Hi dude, sorry for delay.
Long mail; get tea  :  )

This is in reference to burnout, where levels of neurochemicals and number of functional receptors tend to increase up to a critical mass where the burnout occurs, and then plummet below 'normal' levels. This pattern, where (for example) elevated cortisol followed by big reductions in cortisol, is indicative of burnout. A regular case of excess of anything will cause temporary down-regulation of receptors, but in burnout there is more widespread down-regulation which may if not adjusted be permanent. In some cases certain areas are initially up-regulated at the expense of others.

From the original paper:
Interestingly, in the amygdala, stress seems to lead to an increase in neurotrophic factors such as BDNF, and to enhance dendritic outgrowth. In the functional and anatomical projection areas of the amygdala, the stress-related glutamatergic excess is, on the other hand, reported to lead to reduced BDNF and shrinkage of dendrites (Arendt et al. 2012; Boyle 2013). These degenerative events are particularly pronounced in the mPFC (Roozendaal et al. 2004; Brown et al. 2005; Radley et al. 2008; Arnsten 2009; Leuner and Shors 2012).

This is of interest because the mPFC exerts a strong negative control over stress pathways. GABAergic signals from the mPFC to the amygdala lead to a repression of the HPA axis. This provides a basis for one possible scenario for the present condition, in which stress-mediated neurotoxic damage to the mPFC, due to high glutamate, cortisol, or the combination of both (see Magarinos and McEwen 1995), has led to impaired prefrontal inhibition of the amygdala (Roozendaal et al. 2004). This would then have provided a context for a vicious circle with a further enhancement of amygdala excitation and subsequent changes along the networks connected to the amygdala (the mPFC, the basal ganglia, the hippocampus, and the insular, anterior cingulate, and orbitofrontal cortices).

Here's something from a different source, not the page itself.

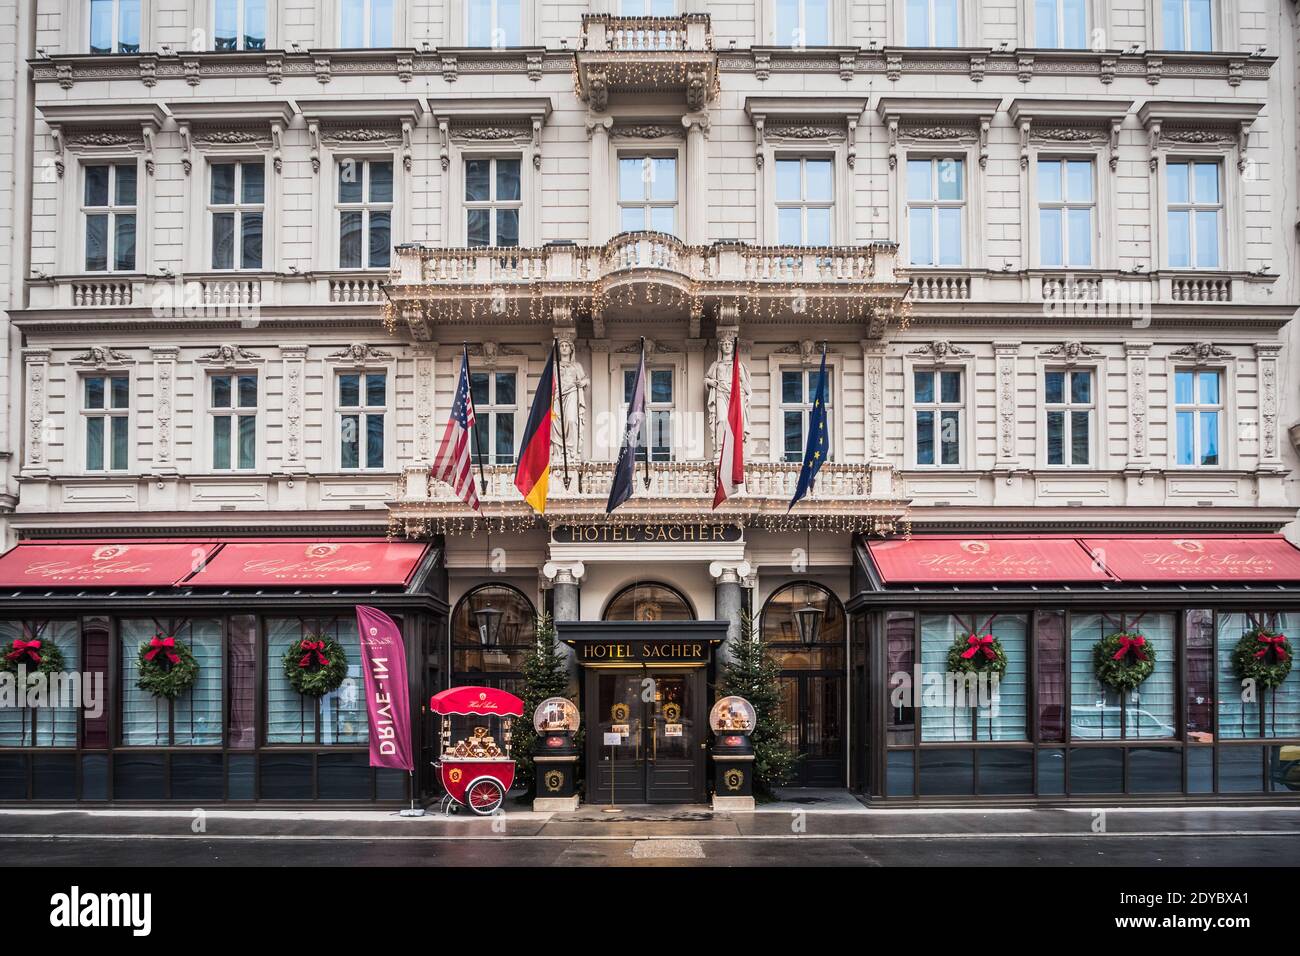 Vienna, Austria - Decembter 19 2020: Hotel Sacher Entrance, famous for its chocolate cake. Stock Photo

The presently reported findings among subjects suffering from occupational stress fit into this model, with the increase in amygdala volume and reduction in caudate volume, the thinning of the mPFC, and the more pronounced cortico-cortical covariation between the mPFC and insular cortex (Wang et al. 2007; Liston et al. 2009; Goldstein et al. 2010). It is also compatible with the notion that both the putamen and caudate receive powerful glutamatergic input from the amygdala (McEwen 2000b) and are susceptible to excitotoxicity (Chen et al. 1995; Bernal et al. 2000). This strengthens reiterating the hypothesis presented in our initial stress-related publication (Jovanovic et al. 2011) that repeated stress stimuli could cause excitotoxic, apoptotic, and/or intermediate forms of neuronal death (Bengzon et al. 1997) with atrophy in humans.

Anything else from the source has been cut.